As If He Was Never There
by P. Winfrey
Summary: Jack finds himself reliving his early years as Jack Frost, remembering how he watched his sister grow up and how she could never hear him. He recounts feeling as if he was never there. [ONESHOT; based on sibling relationship]


Jack found himself floating over the lake. He must have circled it at least four times. Maybe five? He didn't know.

He landed on the surface with a light thud, and skated across gracefully.

Just as he always had before he became immortal.

Just as he always will now that he is immortal.

After he and Guardians sent Pitch spiraling into his own destruction, Jack tried his best to stay away from the lake, to keep himself away from the truth of why he _is_ Jack Frost.

_Jack! Jack, I'm scared_, she said, brown eyes wide in what can only be known as terror.

He was scared, too. He still is. Three hundred years made no difference. Even as the Spirit of Winter, a chill went up his spine, as if he had relived the moment of the ice's deafening cracking beneath his bare feet, the ice-cold water swirling around him, his limbs going numb and losing mobility, his life draining out in pristine bubbles of different sizes, the moon (and the Man within) watching everything from the sky but never moving.

_Would I play tricks on you?_ He had said, trying to distract her from the delicate cracking of the ice.

_Yes!_ She replied, _You always play tricks on me!_

Old habits die hard then.

He thought of how he could have just opted to go ice-skating some other time, not because he wanted to be mortal, but because he wanted to live to see her grow up.

Because the way he watched his sister grow up was the most horrible experience, filled with frustration, desperation, and bitterness that Jack thought impossible in the duration of one's life.

It wasn't easy for Jack. His family couldn't see him. No matter how loud he called out, or how much he stood in their way, they would always just pass by him.

His sister never heard his yelling as he tried to console her, how she ran back to her mother, tears in her eyes, as she recounted how she watched her brother die before her eyes, how she should have dived in after him, how she should have been the one to die.

His mother, who had fallen into a deep depression soon after it was made clear Jack's body would never be recovered, could never hear Jack screaming at her to care for his sister, asking if he had died for his sister to just have her deserted by her mother, and he watched how his hands could never feel the warmth of her skin anymore (even if he could feel, he was unsure whether warmth would even be there).

Jack watched in horror as his father, frustrated with the lack of a competent wife, stormed out the cottage's door, leaving large footprints in his wake.
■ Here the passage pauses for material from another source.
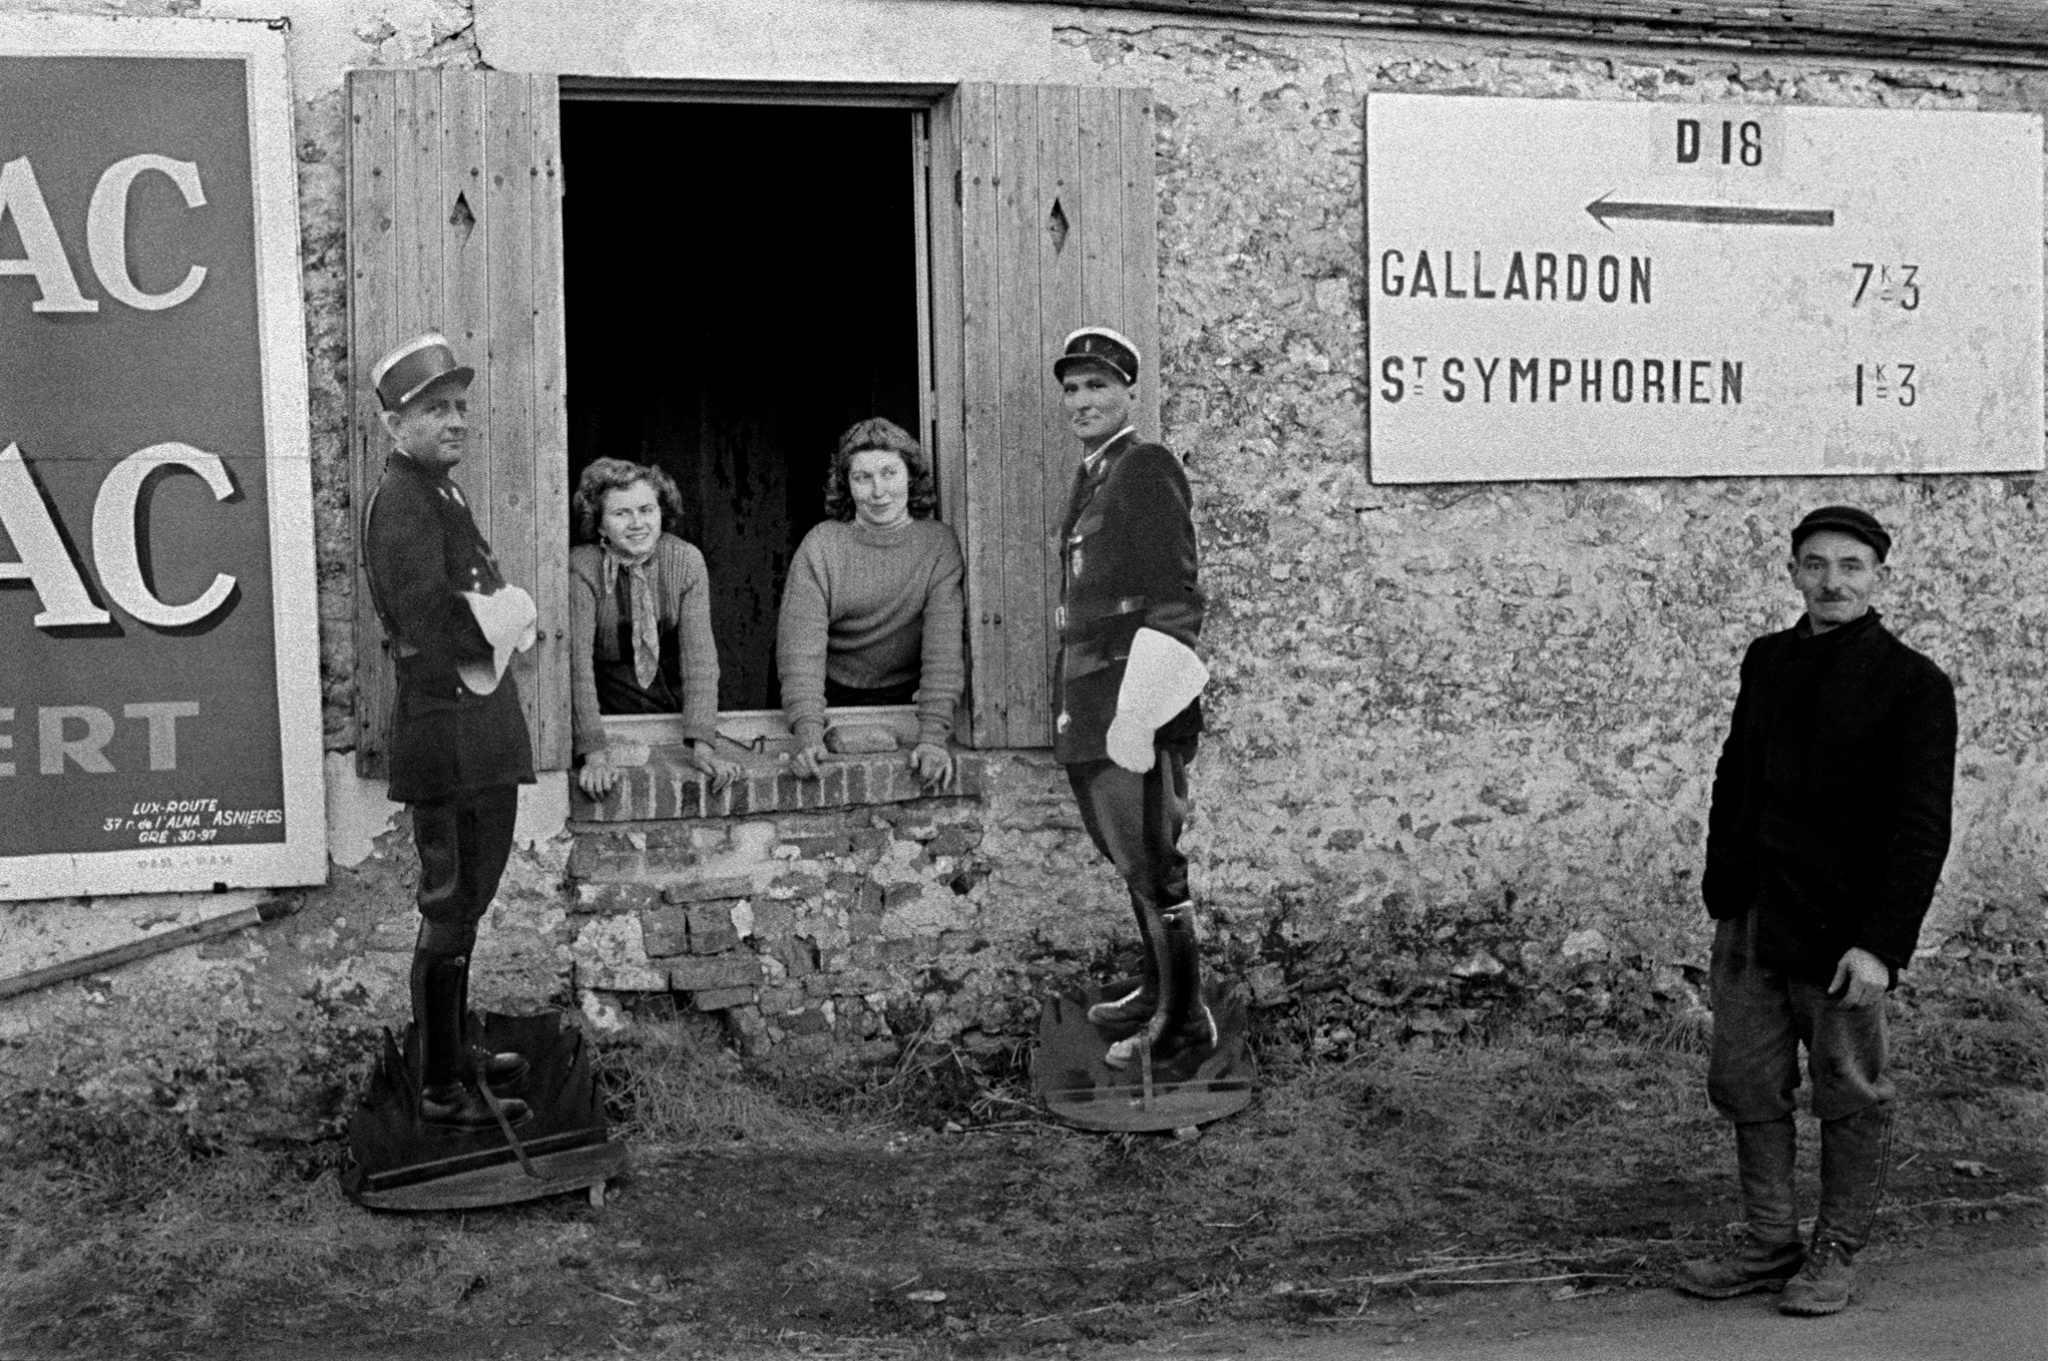 Fotó: Frank Horvat: Fake Policemen, Gallardon, France, 1956 © Frank Horvat
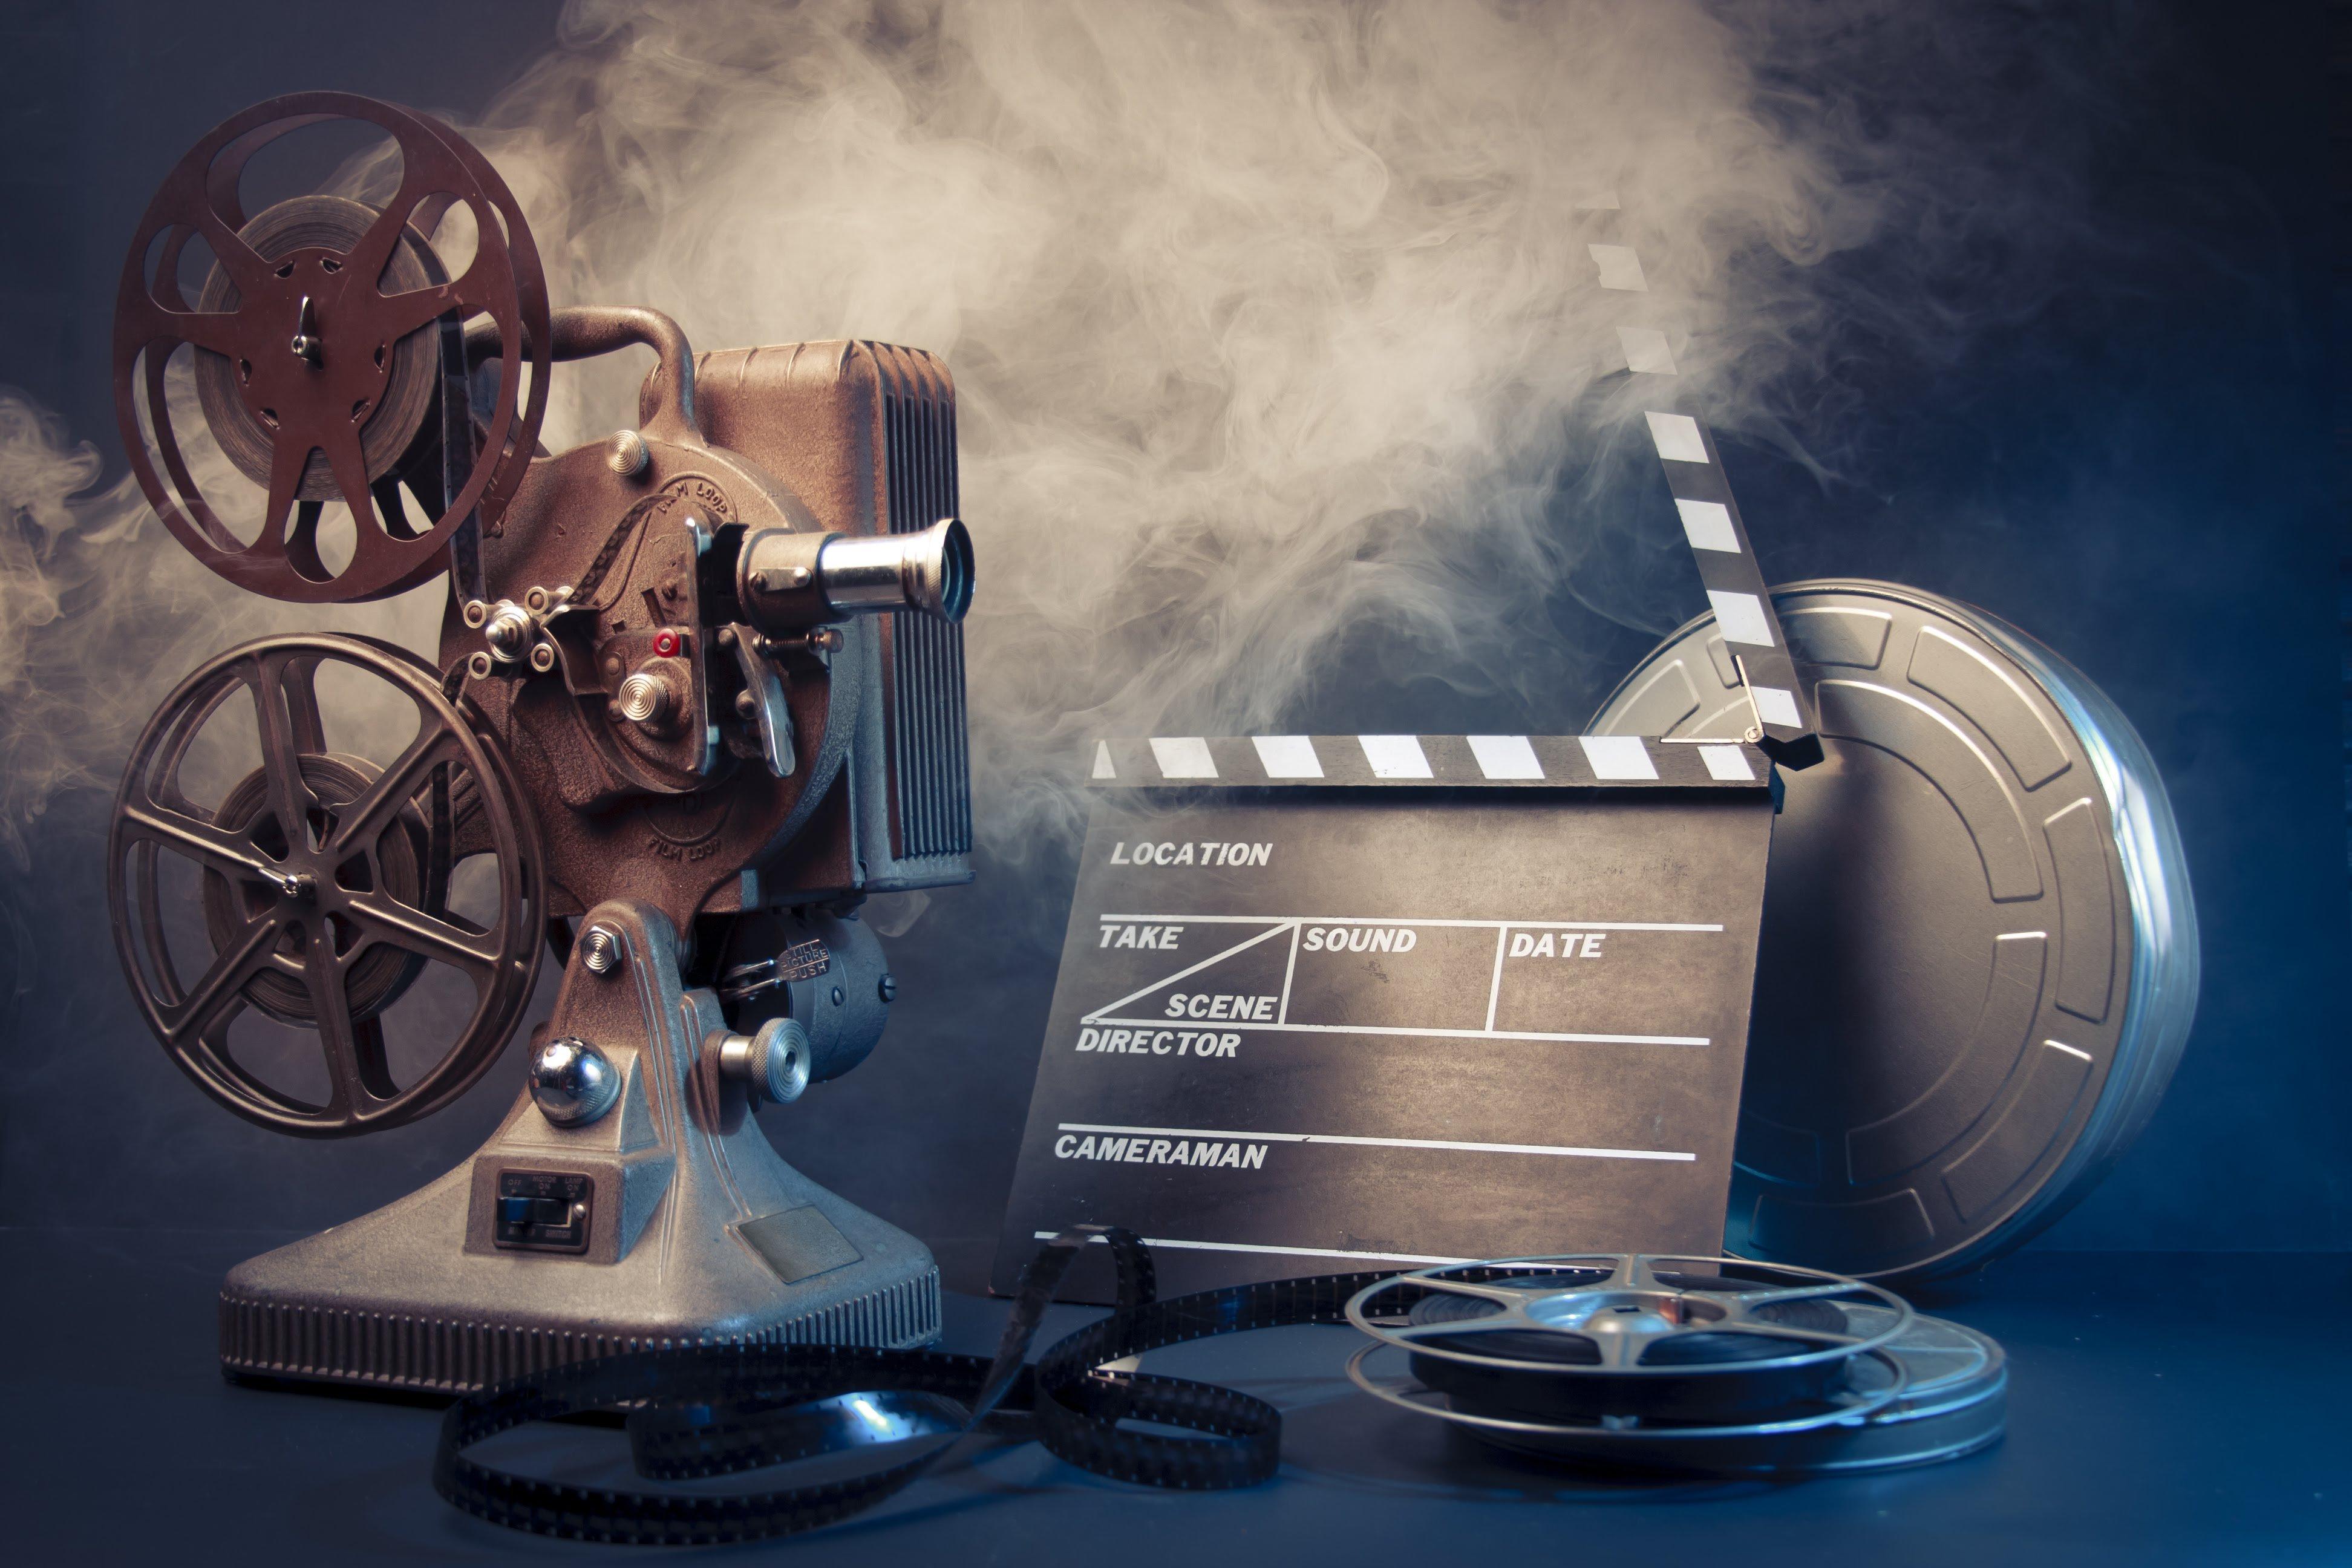 ВЦИОМ назвал самые известные фильмы граждан России

He tried time and time again to stop him, but of course, his father just passed right through him. Jack remembered yelling at his father to come back, to help mother, to care for his sister. He begged him down to his knees, but as usual, the cry fell on deaf ears. He even followed his sister as she so desperately spent an entire night searching for their father, both praying that he would come back.

Apparently, the Staff would never work on the Frost family; not when Jack tried to land snowflakes on his family during the depressing first Christmas dinner without Jack only to have it pass right through them, not even when his sister had grown older, and by then she must have caught up to Jack at the age of 18.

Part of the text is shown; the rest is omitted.